# What type of shoe with pencil skirts?



## MACreation (Nov 2, 2006)

This is for work wear. Thanks!!


----------



## bottleblack (Nov 2, 2006)

Personally, I think round-toe heels.  I go for the highest heel I can walk in, but pair it with a demure top to tone it down so that it's still professional.


----------



## pinkbundles (Nov 2, 2006)

i wear mine with pointed toe stiletto high heels


----------



## Indigowaters (Nov 2, 2006)

I think a pair of open-toe D'Orsays with tights (not leggings) would look great!


----------



## giz2000 (Nov 2, 2006)

Quote:

   Originally Posted by *Indigowaters* 

 
_I think a pair of open-toe D'Orsays with tights (not leggings) would look great!_

 
D'Orsays look super sexy with pencil skirts...the tights would tone the sexiness down enough for work...


----------



## Indigowaters (Nov 2, 2006)

Quote:

   Originally Posted by *giz2000* 

 
_D'Orsays look super sexy with pencil skirts...the tights would tone the sexiness down enough for work..._

 
Exactly what I was thinking.
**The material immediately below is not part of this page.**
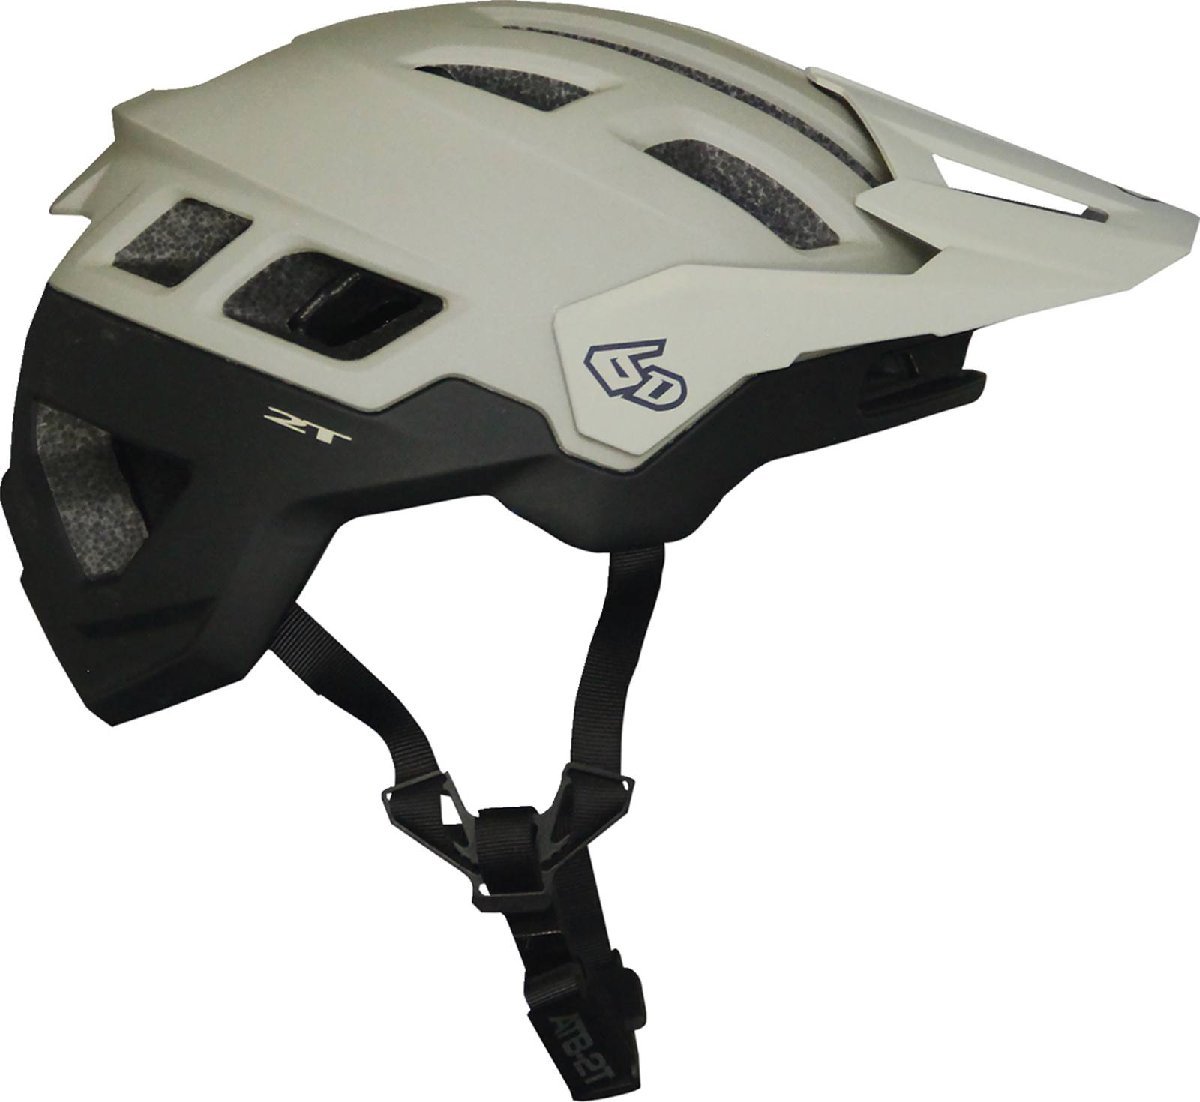 XL/2XLサイズ - サンド/ブラックマット - 6D ヘルメッツ ATB-2T Ascent 自転車用 ヘルメット
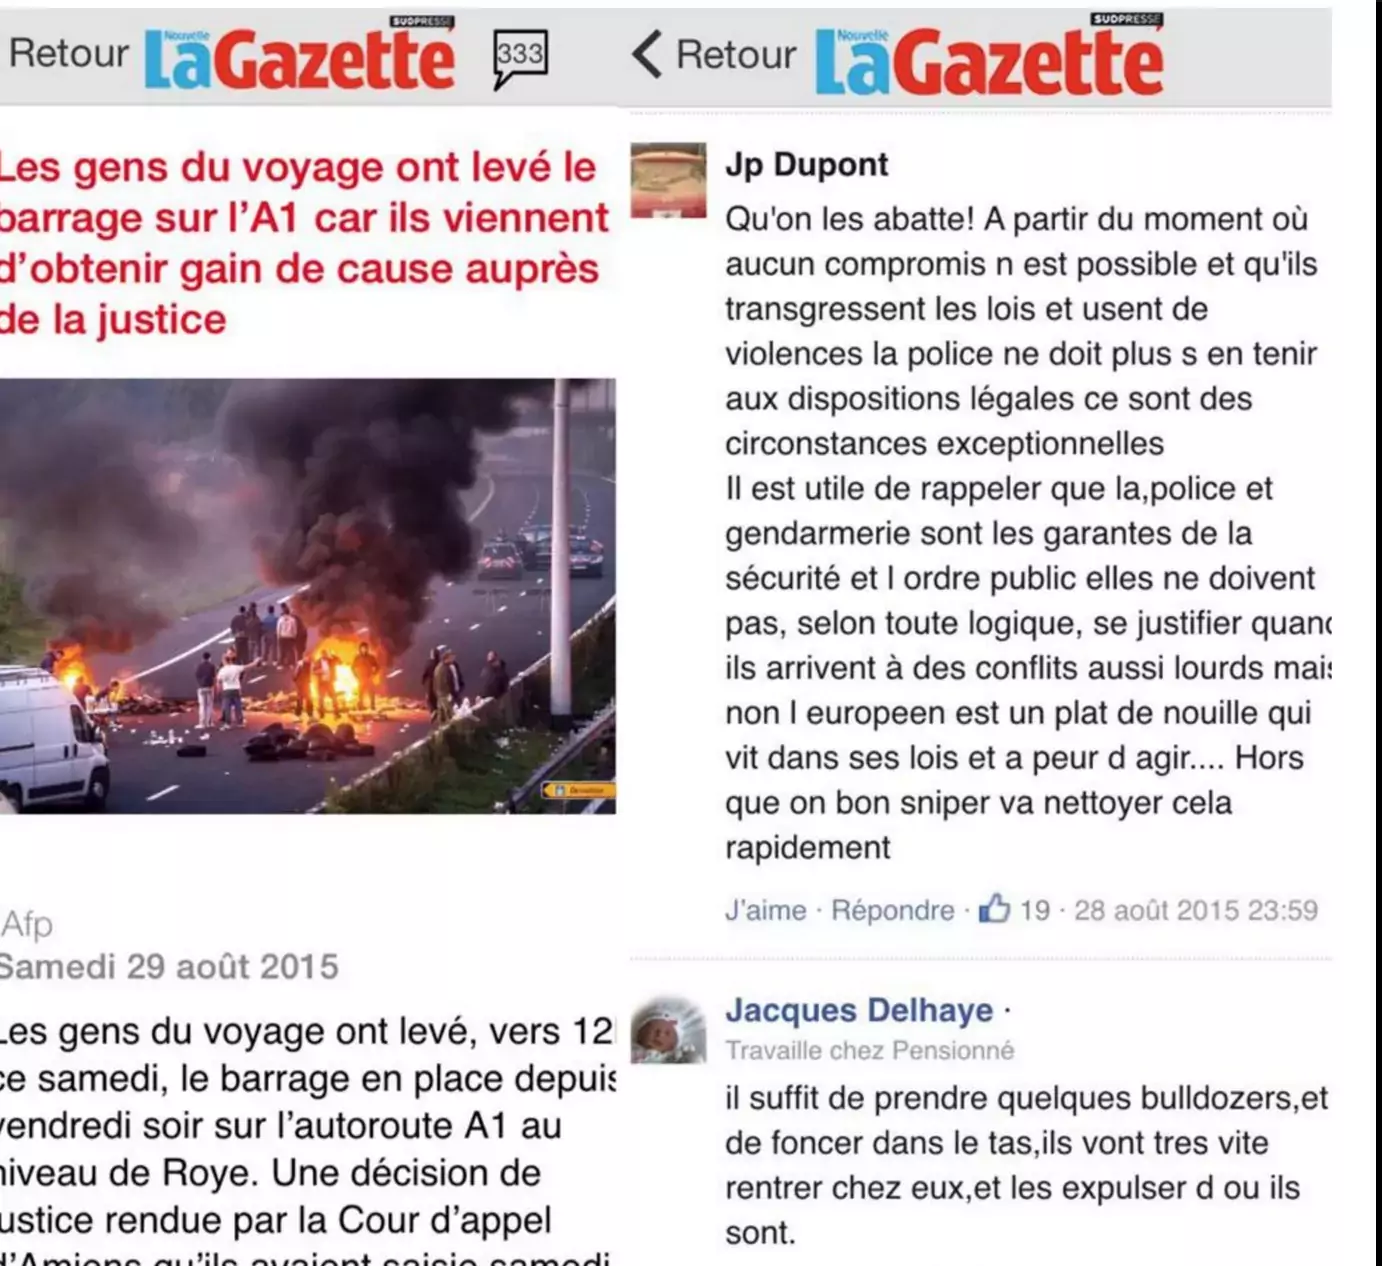 Appel à des agressions criminelles motivés par la haine des Roms par Jp Dupont et Jacques Delhaye sur La Gazette

Stacey and Clinton would be so proud!


----------



## d_flawless (Nov 3, 2006)

pointed-toed stilletos keep it sleek and clean looking


----------



## Shimmer (Nov 3, 2006)

only thing about pointy toes stilettos is that some consider it 'sexy'.
however, if you're not in that atmosphere, go for it. I like the round toed shoes as well.


----------



## IcePrincess2250 (Nov 3, 2006)

Sling-backs!


----------



## IcePrincess2250 (Nov 3, 2006)

Esp. pointy toed ones....

But also round toes are in for fall...


----------



## Indigowaters (Nov 3, 2006)

Check out this link on the Today Show (aired today) about skirts: http://www.msnbc.msn.com/id/12065856/ under "Check out these must-have skirts". HTH!


----------



## MACreation (Nov 3, 2006)

Great! I have a 2 pairs of pointed toe stiletos, and was eyeing a pair of round toe shoes, that I need now 
	

	
	
		
		

		
		
	


	




 I do have a pair of opened toes, with a 4 inch heel and patent leather...but that screams sexy paired with a skirt. Althouh I'm sure my customers would be buying cars like there's no tomorrow, I'm sure just a skirt would be ok with round toes or stilettos that don't have a spiky heel


----------



## aziza (Nov 4, 2006)

Quote:

   Originally Posted by *Indigowaters* 

 
_Exactly what I was thinking. Stacey and Clinton would be so proud! 
	

	
	
		
		

		
		
	


	


_

 
Yay for "What Not to Wear!"
	

	
	
		
		

		
		
	


	










  I'm all for the D'orsays and I love some pointy-toed pumps too.


----------



## mAra (Nov 8, 2006)

i agree on the pointy toe stiletto, this screams out Rachel Green to me (when she was working for Bloomingdales and Ralph Lauren)

but i also think that a peep-toe pump could work too:





and maybe even one of these:


----------



## user79 (Nov 8, 2006)

Anything with a sleek heel, the round toed pump would work well or elegant round toed boots would work too. Mary-jane pumps would look super cute as well, with a heel.


----------



## Fairybelle (Nov 8, 2006)

Kitten heeled shoes are always chic with pencil skirts! 
	

	
	
		
		

		
		
	


	




  The toe can be pointy, rounded, or square depending on the style you want.


----------



## MACreation (Nov 8, 2006)

I am wearing my steve madden point toe stiletos today with it 
	

	
	
		
		

		
		
	


	




 My stole my shoes, with the open to, exact match to the first pair up there.


----------